== What to produce ==
Repeat only the lines below from the one containing "50A MPPT Solar Charge Controller" through the one containing "A stunning Enchanting", inclusive, exactly as written.

== Exercise data ==
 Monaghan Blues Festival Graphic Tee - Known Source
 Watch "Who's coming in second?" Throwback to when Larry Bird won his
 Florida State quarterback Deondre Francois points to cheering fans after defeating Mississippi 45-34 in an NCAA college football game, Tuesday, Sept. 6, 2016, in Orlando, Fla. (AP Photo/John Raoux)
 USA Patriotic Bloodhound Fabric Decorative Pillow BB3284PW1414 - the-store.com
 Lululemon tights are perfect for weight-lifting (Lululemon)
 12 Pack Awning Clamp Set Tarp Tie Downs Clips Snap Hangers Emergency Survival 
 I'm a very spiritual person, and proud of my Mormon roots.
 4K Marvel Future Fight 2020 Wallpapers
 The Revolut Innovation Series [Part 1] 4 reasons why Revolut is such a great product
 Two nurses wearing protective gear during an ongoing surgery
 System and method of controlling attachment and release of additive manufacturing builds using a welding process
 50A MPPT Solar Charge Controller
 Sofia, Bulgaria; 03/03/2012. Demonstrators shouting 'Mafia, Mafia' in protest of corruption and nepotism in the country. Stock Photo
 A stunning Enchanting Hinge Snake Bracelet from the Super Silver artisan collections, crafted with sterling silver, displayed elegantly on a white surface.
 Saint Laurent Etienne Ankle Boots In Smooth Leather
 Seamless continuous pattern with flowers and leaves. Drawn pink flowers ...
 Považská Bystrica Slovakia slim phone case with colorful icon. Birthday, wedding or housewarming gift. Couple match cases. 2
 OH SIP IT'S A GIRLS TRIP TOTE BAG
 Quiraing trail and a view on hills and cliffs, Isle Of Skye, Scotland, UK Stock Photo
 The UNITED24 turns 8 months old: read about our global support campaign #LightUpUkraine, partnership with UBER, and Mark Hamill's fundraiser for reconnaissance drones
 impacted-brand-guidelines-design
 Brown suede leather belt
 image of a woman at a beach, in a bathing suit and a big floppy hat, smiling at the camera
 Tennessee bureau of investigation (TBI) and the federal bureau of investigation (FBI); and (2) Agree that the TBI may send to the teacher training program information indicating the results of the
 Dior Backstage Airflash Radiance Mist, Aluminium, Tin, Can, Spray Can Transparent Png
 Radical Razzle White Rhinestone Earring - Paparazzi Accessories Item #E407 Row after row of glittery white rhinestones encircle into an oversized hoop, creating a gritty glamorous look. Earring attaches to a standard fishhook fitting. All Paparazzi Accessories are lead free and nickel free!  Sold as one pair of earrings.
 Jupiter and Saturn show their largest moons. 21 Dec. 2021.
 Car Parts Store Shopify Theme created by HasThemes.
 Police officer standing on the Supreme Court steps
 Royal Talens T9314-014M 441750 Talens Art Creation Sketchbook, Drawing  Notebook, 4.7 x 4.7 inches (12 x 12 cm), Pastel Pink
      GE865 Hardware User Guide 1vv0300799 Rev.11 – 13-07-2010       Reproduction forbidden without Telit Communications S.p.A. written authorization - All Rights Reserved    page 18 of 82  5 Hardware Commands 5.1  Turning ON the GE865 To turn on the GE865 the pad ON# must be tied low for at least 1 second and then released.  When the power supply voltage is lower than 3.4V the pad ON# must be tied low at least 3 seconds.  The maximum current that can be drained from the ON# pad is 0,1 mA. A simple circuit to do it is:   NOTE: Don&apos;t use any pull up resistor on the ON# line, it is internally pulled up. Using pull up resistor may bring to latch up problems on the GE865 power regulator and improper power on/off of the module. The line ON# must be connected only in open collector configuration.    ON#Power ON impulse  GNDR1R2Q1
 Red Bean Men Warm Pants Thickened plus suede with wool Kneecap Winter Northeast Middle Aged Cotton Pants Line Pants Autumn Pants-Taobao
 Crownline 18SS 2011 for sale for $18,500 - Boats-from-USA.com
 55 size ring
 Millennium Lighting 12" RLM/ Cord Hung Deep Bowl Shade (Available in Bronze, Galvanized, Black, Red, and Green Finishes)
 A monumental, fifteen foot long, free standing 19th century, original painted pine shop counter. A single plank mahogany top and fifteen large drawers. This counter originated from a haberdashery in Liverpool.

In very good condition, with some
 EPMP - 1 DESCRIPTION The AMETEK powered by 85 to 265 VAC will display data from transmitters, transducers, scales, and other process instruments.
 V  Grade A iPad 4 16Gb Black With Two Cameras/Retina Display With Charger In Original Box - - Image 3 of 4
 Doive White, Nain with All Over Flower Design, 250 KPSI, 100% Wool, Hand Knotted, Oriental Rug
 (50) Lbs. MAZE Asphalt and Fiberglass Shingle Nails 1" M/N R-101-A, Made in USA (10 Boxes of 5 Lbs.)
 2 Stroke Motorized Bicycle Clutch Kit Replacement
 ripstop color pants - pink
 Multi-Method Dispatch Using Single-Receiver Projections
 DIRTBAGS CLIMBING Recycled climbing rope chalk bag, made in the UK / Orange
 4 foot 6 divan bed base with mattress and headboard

== Exercise solution ==
 50A MPPT Solar Charge Controller
 Sofia, Bulgaria; 03/03/2012. Demonstrators shouting 'Mafia, Mafia' in protest of corruption and nepotism in the country. Stock Photo
 A stunning Enchanting Hinge Snake Bracelet from the Super Silver artisan collections, crafted with sterling silver, displayed elegantly on a white surface.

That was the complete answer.